Hope for paraplegic and quadriplegic patients to walk again

By Mark Waghorn via SWNS

Spinal cord injuries have been repaired in mice by reviving latent stem cells.

They turned into neurons called astrocytes that 'tile' the central nervous system.

The breakthrough offers hope for paraplegic and quadriplegic patients to walk again.

Corresponding author Professor Caetano Reis e Sousa said: "We hope studying these cells will help build a more complete picture of the role different types of stem cells play in repairing damage - which could have important implications for regenerative medicine."

Approximately 5.4 million people in the USA are living with paralysis, according to a study from the Christopher & Dana Reeve Foundation.

Sticky scar tissue prevents recovery by acting like glue - leading to loss of movement below the site.

Stem cells are the body's master cells - capable of becoming any type of tissue or organ.

In the skin and intestine, for example, stem cells are constantly active. But 'latent stem cells' lie waiting for harm to occur before being triggered.

Prof Sousa and his team identified a group that responds to injury in the central nervous system of mice.

They are part of the ependymal cells that line the walls of compartments in the brain and spinal cord that hold cerebrospinal fluid.

The team at the Francis Crick Institute in London, UK, hopes that a similar type exists in humans - opening the door to a potential cure for brain and spinal cord injuries.

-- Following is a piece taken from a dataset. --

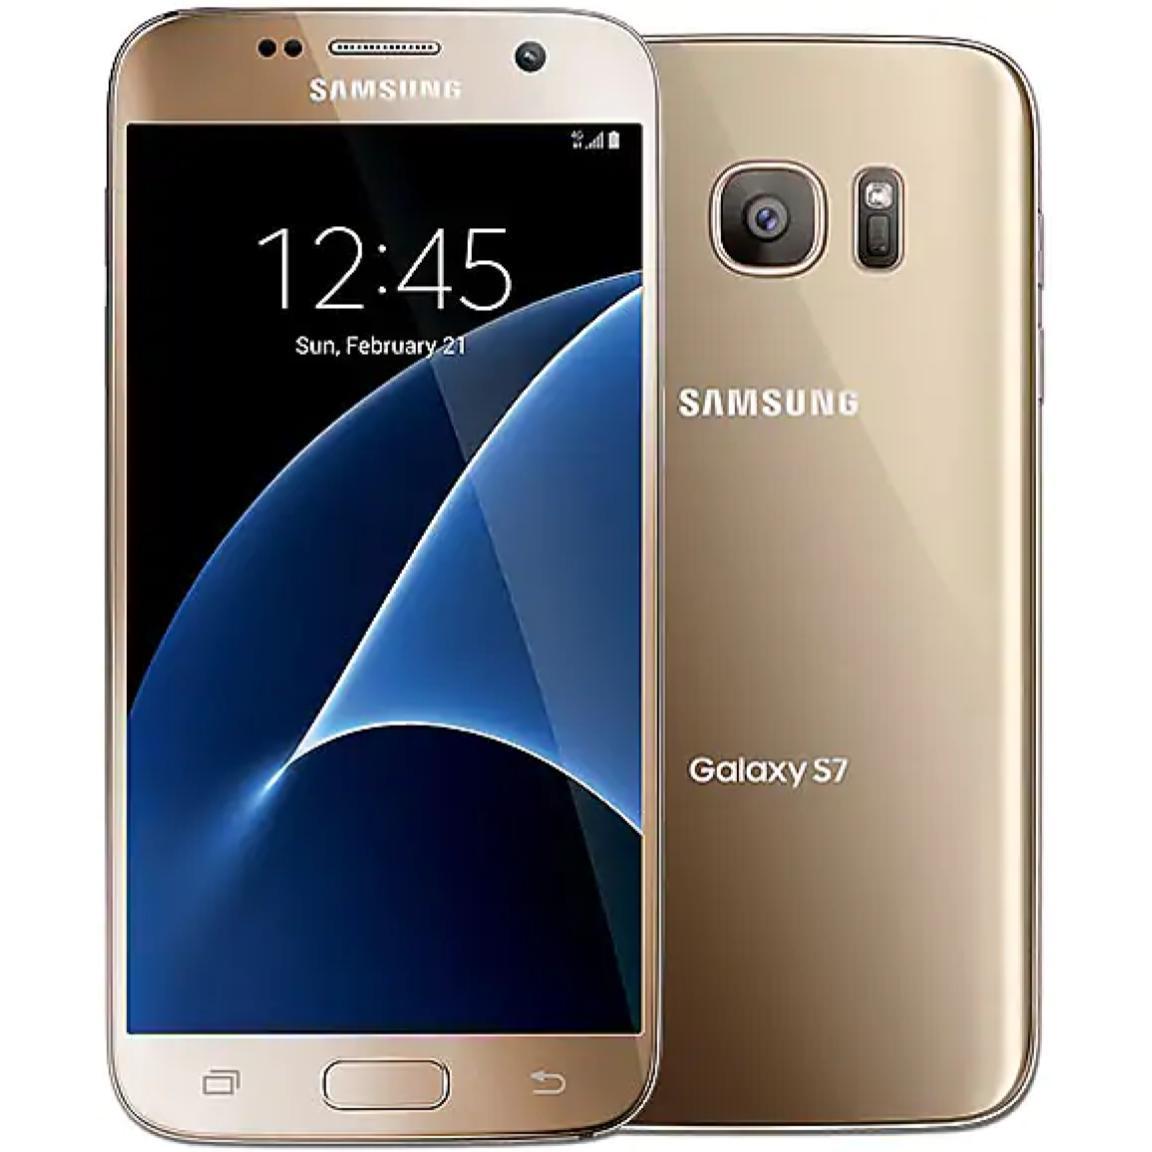 Samsung Galaxy S7 32 GB Unlocked Phone - G930FD Dual SIM - Platinum Gold | All for women

Co-corresponding author Dr. Bruno Frederico said: "While we don't know if these cells exist in humans, if they do, it would be interesting to see if they also default to becoming astrocytes rather than neurons in response to damage.

"This might help explain why the mammalian central nervous system does not have a strong ability to repair itself after injury."

The cells were identified serendipitously during experiments on lab rodents. A fluorescence tool was looking for immune cells called dendritic cells in the brain.

They share a protein with the latter - and arise from embryonic progenitor cells. The study found they stay still and waft small hairs on their surface to help the flow of cerebrospinal fluid.

But in injured mouse spinal cords they respond by dividing - migrating towards the damaged area and differentiating into astrocytes, one of the major cell types of the nervous system.

The team also looked at these cells in detail in the lab and found they demonstrated key hallmarks of stem cell behavior.

They divided continuously over a long period of time and were also able to differentiate into all three main cell types of the central nervous system - neurons, astrocytes, and oligodendrocytes.

Dr. Frederico said: "If we could find a way to overcome the barriers that are stopping the differentiation into neurons and oligodendrocytes after spinal cord injury, it could present a new avenue of therapies to treat spinal cord injuries."

Unlocking the potential of these cells could help the body produce new neurons which are responsible for receiving and sending key signals for movement after spinal injury.

Prof Sousa said: "There was uncertainty over whether ependymal cells can have neural stem cell capabilities, but this study underscores their potential."

The study, published in the journal Developmental Cell, offers hope for the hundreds of thousands of people worldwide who suffer a spinal cord injury each year.

Cells in some tissues and organs proliferate after damage as part of the healing process. This does not apply to the spinal cord – a key roadblock to recovery.

The spinal cord is the key junction for the constant stream of electrical signals between the brain and the rest of the body.

Once harmed, injuries tend to be permanent because nerve cells cannot regenerate themselves.

Communication is then halted, leading to paralysis, loss of sensation and sometimes life-threatening consequences such as an inability to control breathing or heart rate.

Complete recovery from a spinal cord injury would have far-reaching social and economic benefits for millions of people.